What families in Australia, the UK, and the US should do
In the United States, the commercial pasteurised milk supply is considered safe; the avoidable risk sits with raw milk, raw-milk cheese, and on-farm contact. In the United Kingdom, the Food Standards Agency reiterates that pasteurised US dairy remains safe for UK consumers and advises against raw or unpasteurised milk and dairy products from any source [20]. The UK Health Security Agency's HAIRS group classifies the risk to the UK general public from H5N1 in US dairy cattle as very low, and the risk to UK dairy workers from imported US dairy genetics as very low, with active monitoring continuing [12].
In Australia, the picture is even more reassuring.

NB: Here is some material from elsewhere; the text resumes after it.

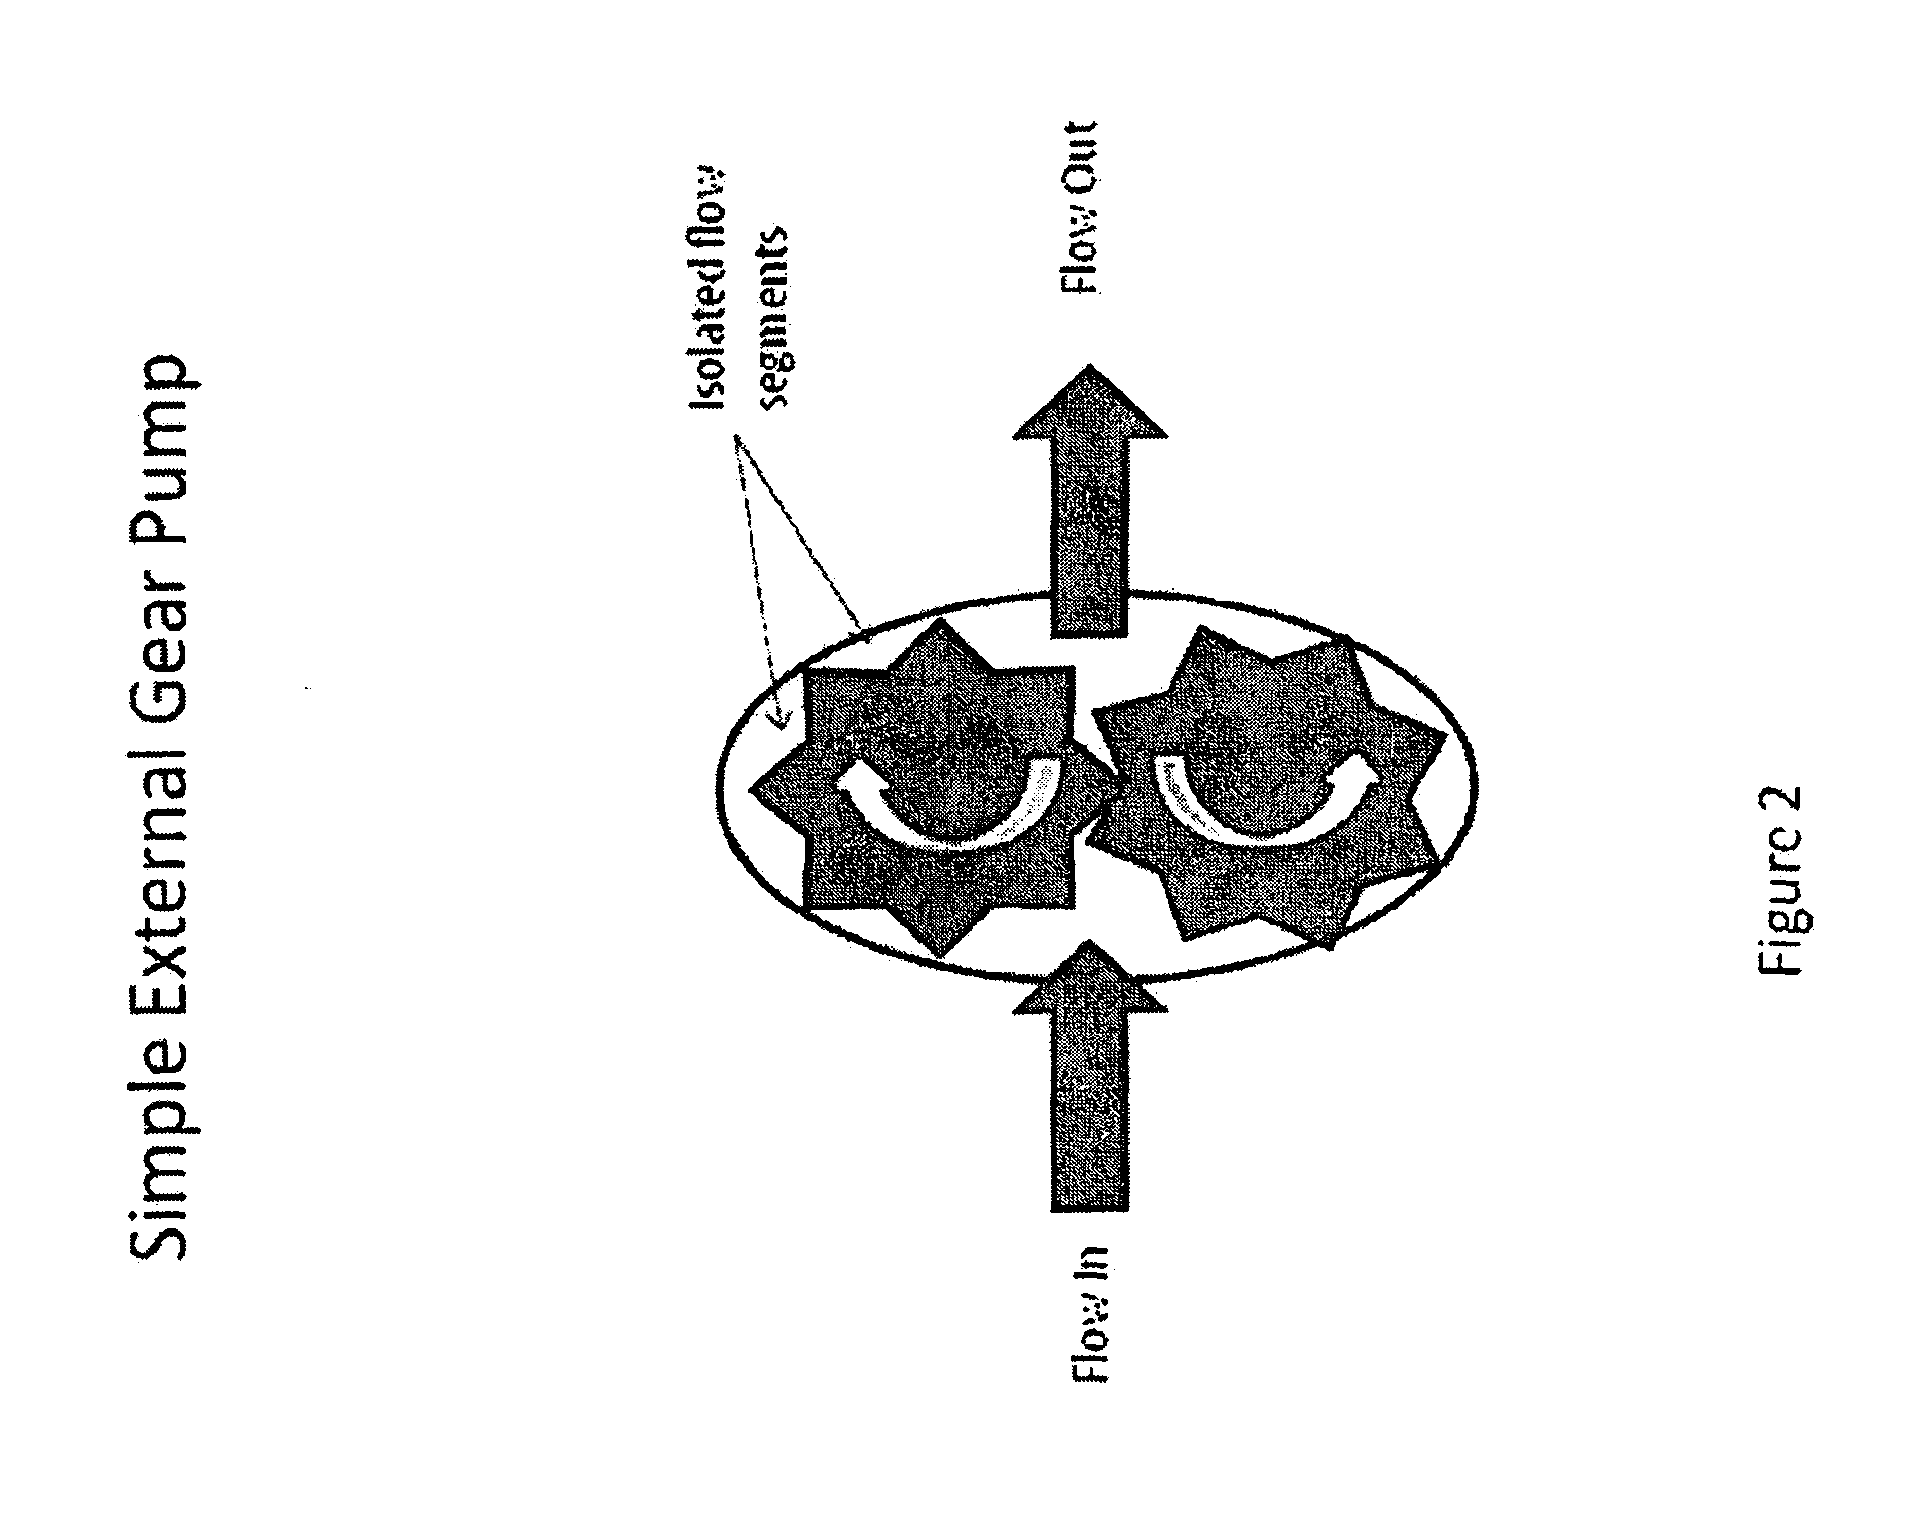 System and process for an active drain for gas-liquid separators

The Department of Agriculture, Fisheries and Forestry confirms Australia remains H5-free in commercial poultry, with no detections of H5N1 in dairy cattle, and the risk of introduction via imported dairy products or live cattle from the US is considered low under existing import controls [13]. NSW Department of Primary Industries maintains that Australia's commercial dairy herds remain H5-free, with movement controls and surveillance testing as the primary mitigations [17]. For Australian families, the relevant habit is the one already in place: choose pasteurised dairy, avoid raw milk, and don't worry about the imported cheese in the chiller.
The converging message from regulators in all three countries is the same: pasteurised dairy is safe, raw dairy is not, and the people at meaningful risk are dairy workers, not breakfast tables.
Takeaway: keep choosing pasteurised milk, and the rest of the family risk picture is small.